On December 8, 2021, Rana Sebai, a former employee of Michael Sinclair, M.D.P.A. and Epilution Med Spa, LLC (“Epilution”) (collectively, “Respondents”), filed a charge with the EEOC alleging that the Respondents both discriminated against her on the basis of sex (sexual harassment and hostile work environment) and retaliated against her, all in violation of Title VII. ECF No. 1 at 3. On the same day, the EEOC notified Respondents of the charge and began their investigation of whether Title VII had been violated. Id.

As part of their investigation, in March of 2023, the EEOC issued requests for information to Respondents seeking documents related to (1) Respondents' sexual harassment, hostile work environment, and retaliation policies and reporting procedures; (2) the allegations in Ms. Sebai's charge of discrimination; (3) Ms. Sebai's complaints of sexual harassment, hostile work environment, and retaliation; (4) Ms. Sebai's personnel file; (5) other complaints of sexual harassment, hostile work environment, and retaliation involving Dr. Sinclair; (6) inquiries and complaints from the Department of Health; (7) a listing of the persons employed by Respondents, their dates of employment, and last known contact information; and (8) Respondents' organizational chart. Id. at 4-5. The requests, other than those concerning Ms. Sebai and the Respondents' organizational structure, were limited to the time period since August 1, 2019. Id. When Respondents did not provide the requested information and materials by the return date, the EEOC sent Respondents a letter extending the return date for the requested information and advising that the EEOC could subpoena Respondents for the same information should they choose not to respond to the request. Id. at 5.
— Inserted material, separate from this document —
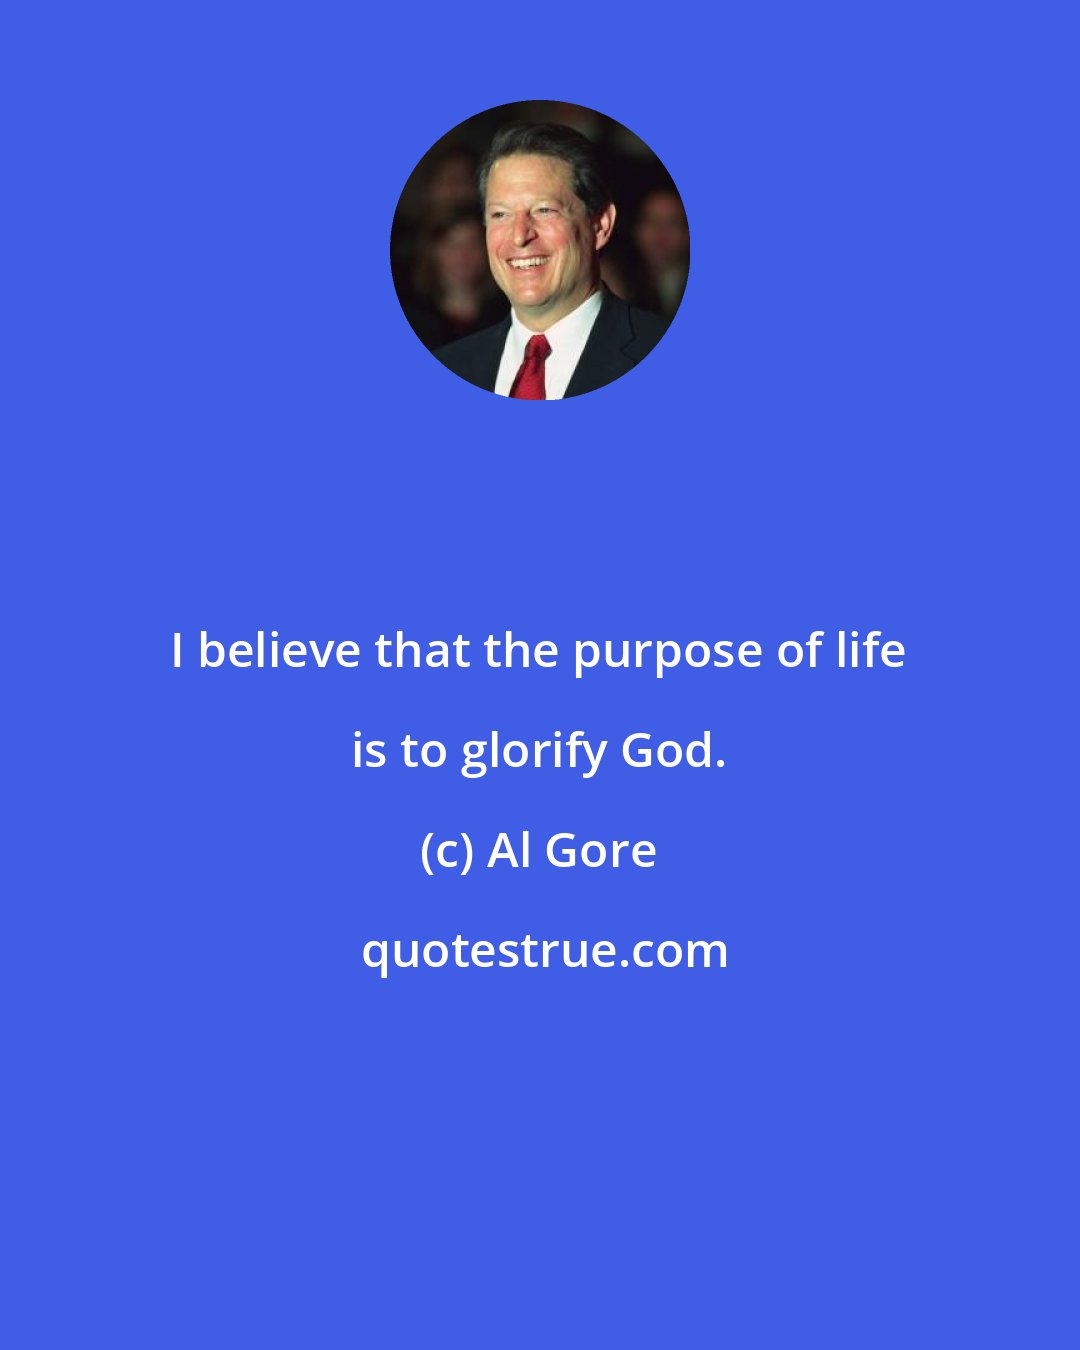 Al Gore: I believe that the purpose of life is to glorify God.

Receiving no response, in June 2023, the EEOC issued to Respondents subpoenas requesting substantially the same information as their earlier requests. Id. at 6. The subpoenas were served on Respondents on Thursday, July 6, 2023, and were to be returned by July 14, 2023. Id. at 6-7. On Monday, July 10, 2023, counsel for Respondents responded to the Federal Investigator listed on the subpoena, informing the investigator that Respondents did not have 15 employees and the Respondents were no longer doing business. ECF No. 6 at 3. Respondents' counsel requested to speak with the investigator to “limit/revise the subpoena to illustrate the two aforementioned points” and requested an extension to respond to the subpoenas. Id. at 4. Respondents followed up with the federal investigator several times, but no extension was ever granted, and the investigator did not discuss revising and limiting the subpoena requests prior to the listed return date. Id. On July 14, 2023, counsel for Respondents spoke with the investigator to inform him that Respondents did not have 15 employees and were no longer doing business, and he offered to provide an affidavit and evidence in support, which the investigator suggested would be useful. Id. The investigator did not, however, modify or limit the subpoena. ECF No. 9 at 5.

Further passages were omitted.